Much of the food that much of the population eats, even when billed as "Home Cooking", is really industrial food, and the way it is prepared and presented often is influenced more by how this can be done more cheaply for the manufacturer and how it positions the manufacturer vis-a-vis its competitors.

This competitive aspect leads to a homogenization of products; if products are very different, it's harder to compare them. A recently published article in The Washington Post makes this point about clam chowder:

Who put the flouwah in my chowdah? The thick and thin of consumer conformity
by Steven Pearlstein

One of my earliest childhood memories is sitting barefoot and shirtless on a stool at a lunch counter a block from the beach in Ogunquit, Maine, gulping down a bowl of clam chowder.

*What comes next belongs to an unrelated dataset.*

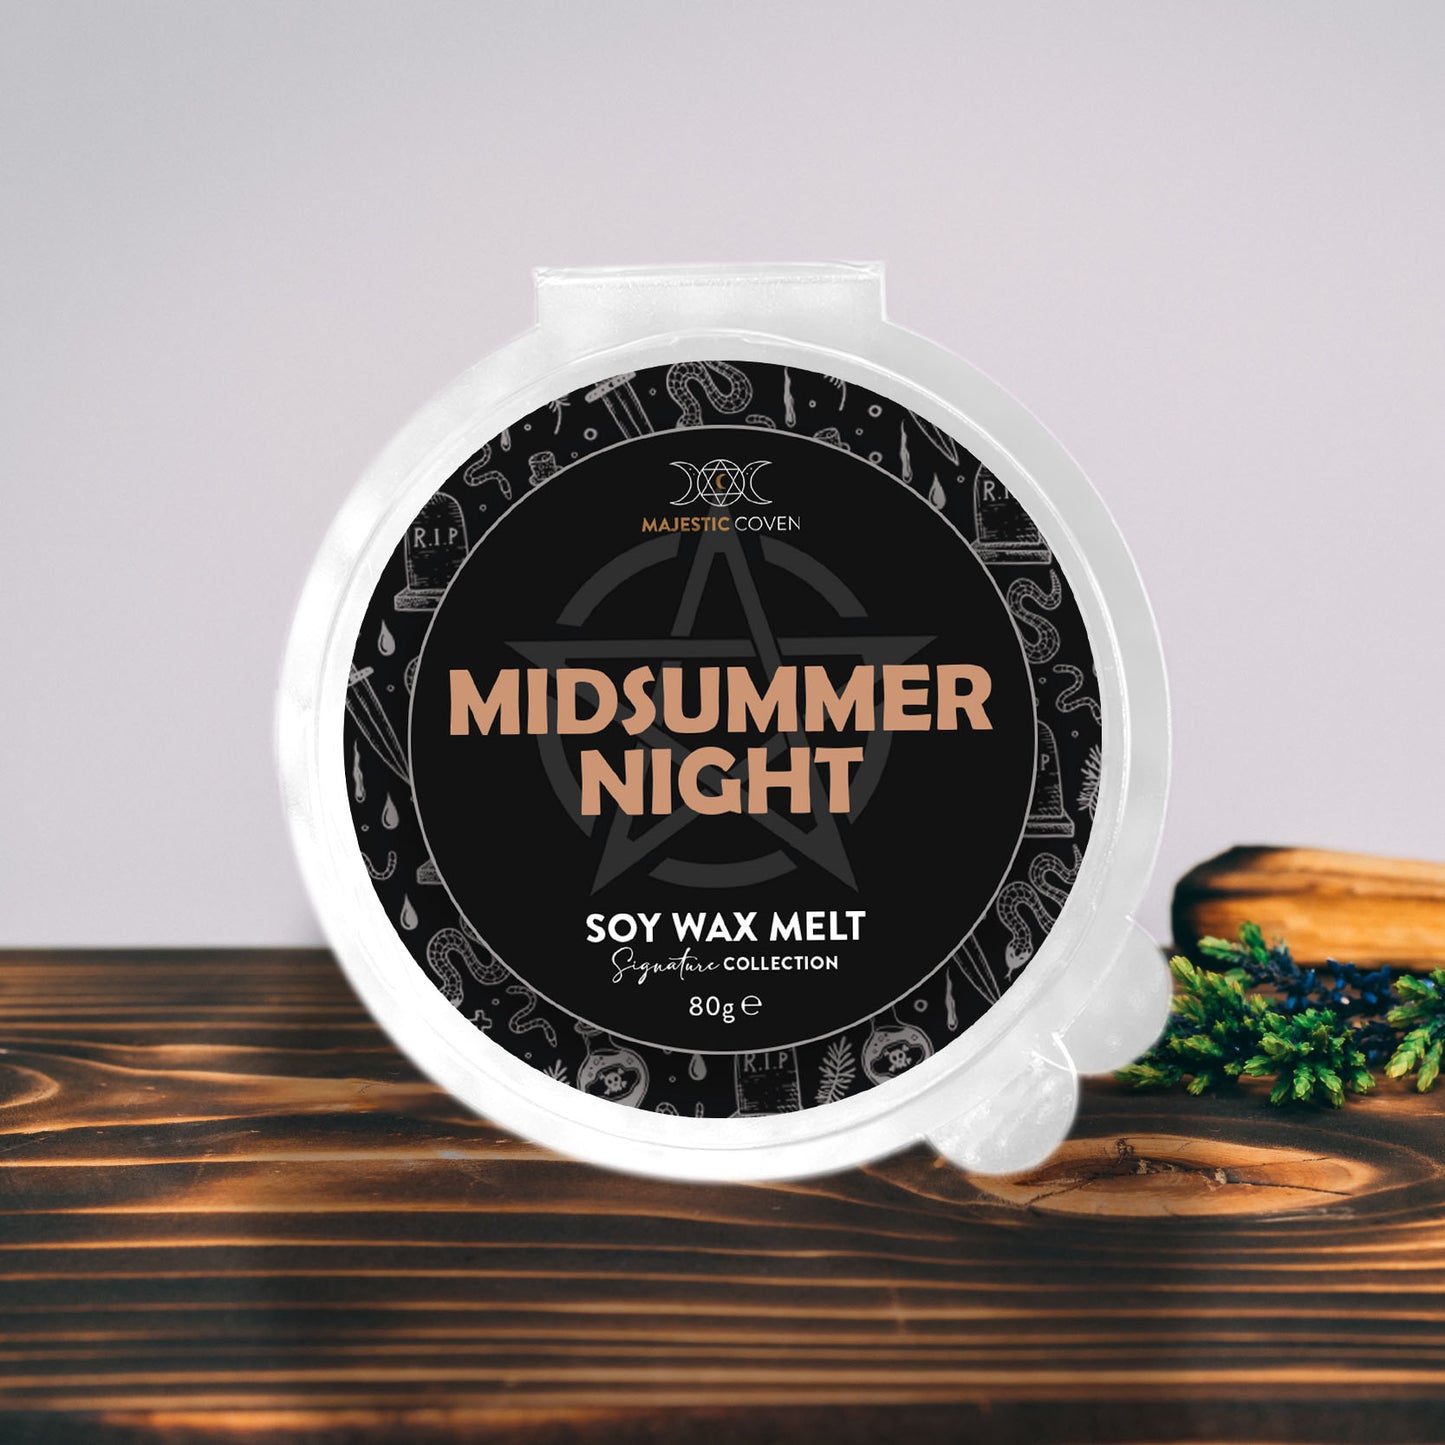 Midsummer Night - Soy Wax Melt 80g Segment Pot Majestic Coven

There was nothing particularly special about the chowder — it was pretty much like what you would have found anywhere along the New England seacoast: a generous mound of potatoes, onions and clams sitting in a broth of briny clam juice and whole milk. As often as not, there would be butter and paprika floating on the surface, with a few grains of sand sitting harmlessly at the bottom of the bowl.

Half a century later, however, a summer visitor to New England is hard-pressed to find such authentic chowder. Although omnipresent on menu boards in restaurants and seaside shacks, what passes for clam chowder now is most often a bowl of flour-thickened gruel in which tiny bits of chopped sea clams and overcooked potatoes wallow...
read the rest at The Washington Post.


Similarly, the way food is served is influenced by these financial and business interests. What is a meal? Well, it is a meat, a starch, and a vegetable, as if even in adulthood we were all eating off a divided plate or a TV dinner tray. Of course, a meal can be much more than that, in any number of different dishes; but by conforming our own table to the advertised format, we are easier to sell to. Dare I say, manipulated.

Last night's dinner was black bean empanadas with three different salsas and guacamole. It was delicious, nutritious and filling! Only one of the salsas (the tomato one) was purchased; Laurie made the watermelon salsa and the mango/cucumber salsa, and I made the guacamole. Some of the ingredients were from our garden, which right now has a lot more to do with determining what we're cooking and preparing for dinner than ads or newspaper features. Which has a certain rightness to it, no?